Deep Neural Network- Step by Step

Objectives

The outline of the assigment is to build a deep neural network for a image classification task is as follows:

  • Initialize the parameters for a L layer neural network.
  • Implement the forward propagation module to compute the activation functions for L layers. We calculate RELU function for L-1 layers and Sigmoid function for the Lth layer.

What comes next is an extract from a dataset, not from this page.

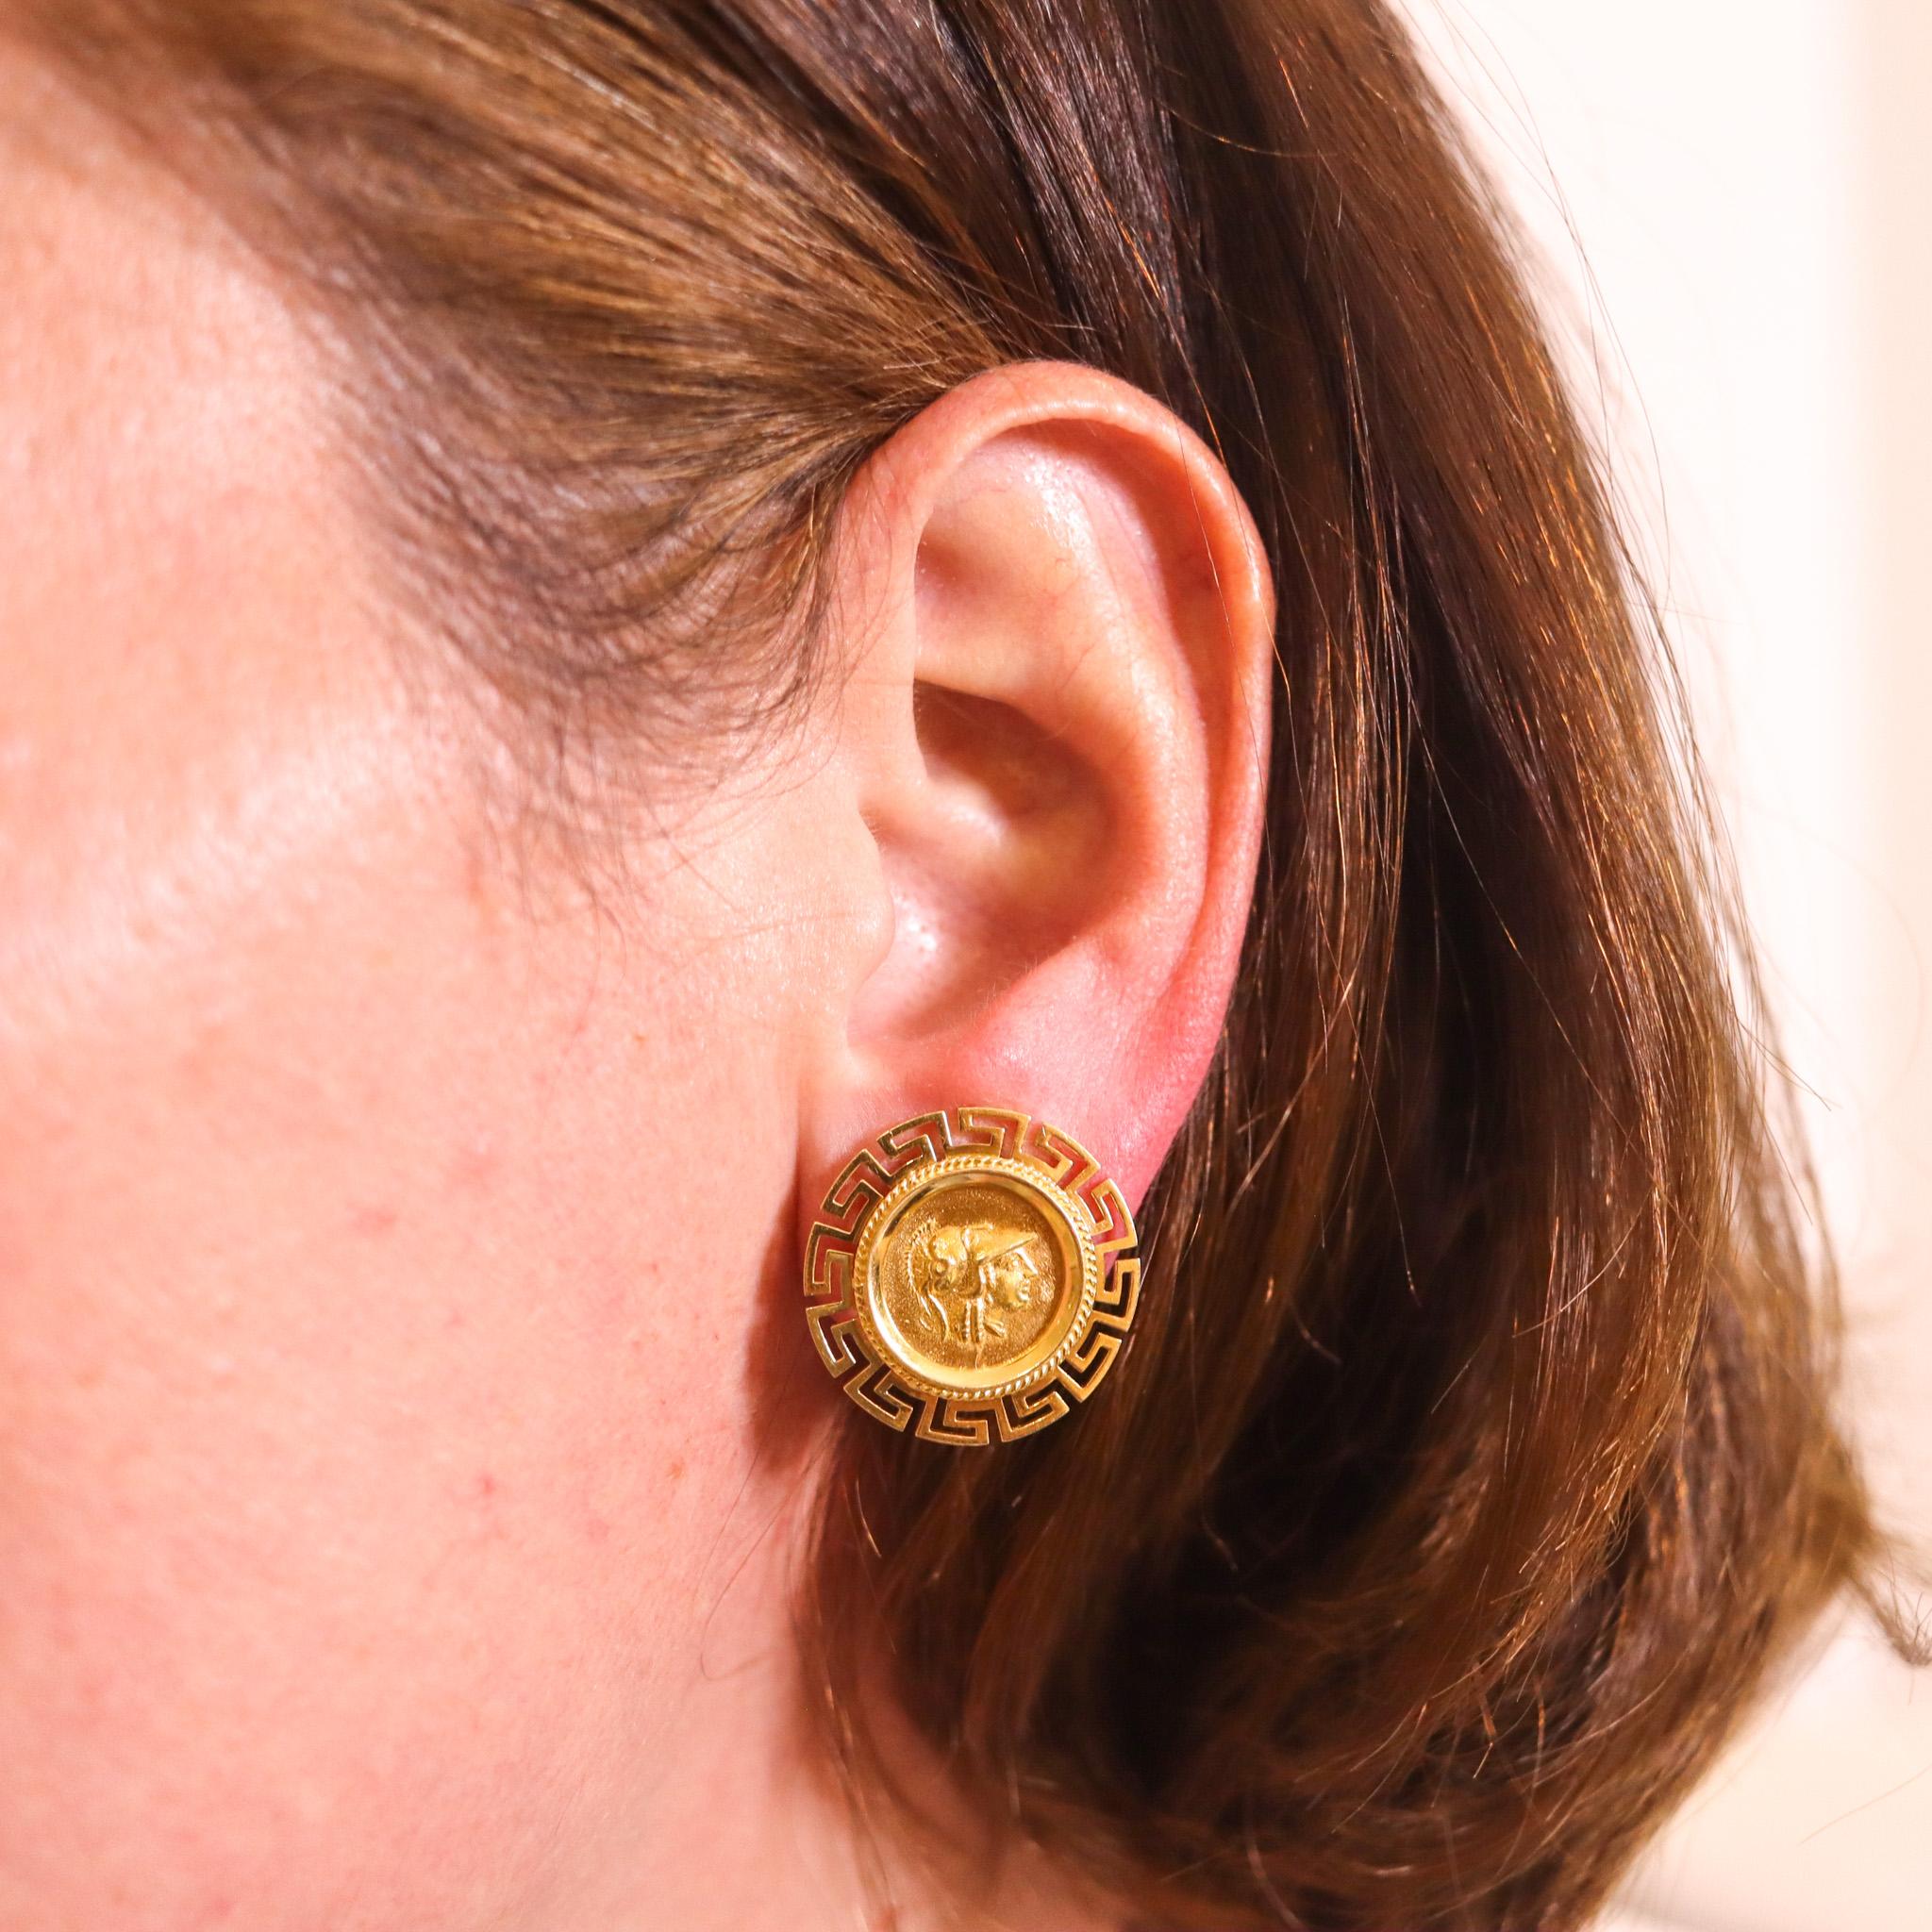 Ohrringe mit Goldmünzen im griechischen Stil.

Sehr schönes Paar klassischer Ohrringe mit griechischem Revival-Muster aus massivem 18-karätigem Gelbgold mit hochglanzpolierter Oberfläche. Sie sind mit zwei Goldmünzen verziert, die das Porträt von

We store Z as a cache to be used in while calculating gradients in the backward propagation.
  • Compute the loss.
  • Implement the backward propagation module to compute the gradients of activation function and parameters.
  • Update the parameters using gradient descent method.

Notation

  • Superscript [l] denotes a quantity associated with the lth layer.
    • Example: a[L] is the Lth layer activation. W[L] and b[L] are the Lth layer parameters.
  • Superscript (i) denotes a quantity associated with the ith example.
    • Example: x(i) is the ith training example.
  • Lowerscript i denotes the ith entry of a vector.
    • Example: a[l]_i denotes the ith entry of the lth layer's activations.

Importing Libraries

import time
import numpy as np
import h5py
import matplotlib.pyplot as plt
import scipy
from PIL import Image
from scipy import ndimage
%matplotlib inline
plt.rcParams['figure.figsize'] = (5.0, 4.0) # set default size of plots
plt.rcParams['image.interpolation'] = 'nearest'
plt.rcParams['image.cmap'] = 'gray'

%load_ext autoreload
%autoreload 2

np.random.seed(1)

Initialization

We write a helper function to initialize the parameters. We store nl, the number of units in different layers in a variable layer_dims. For example, layer_dims= [2,4,1] is a neural network with 2 inputs, one hidden layer with 4 neurons, one output layer with one output unit.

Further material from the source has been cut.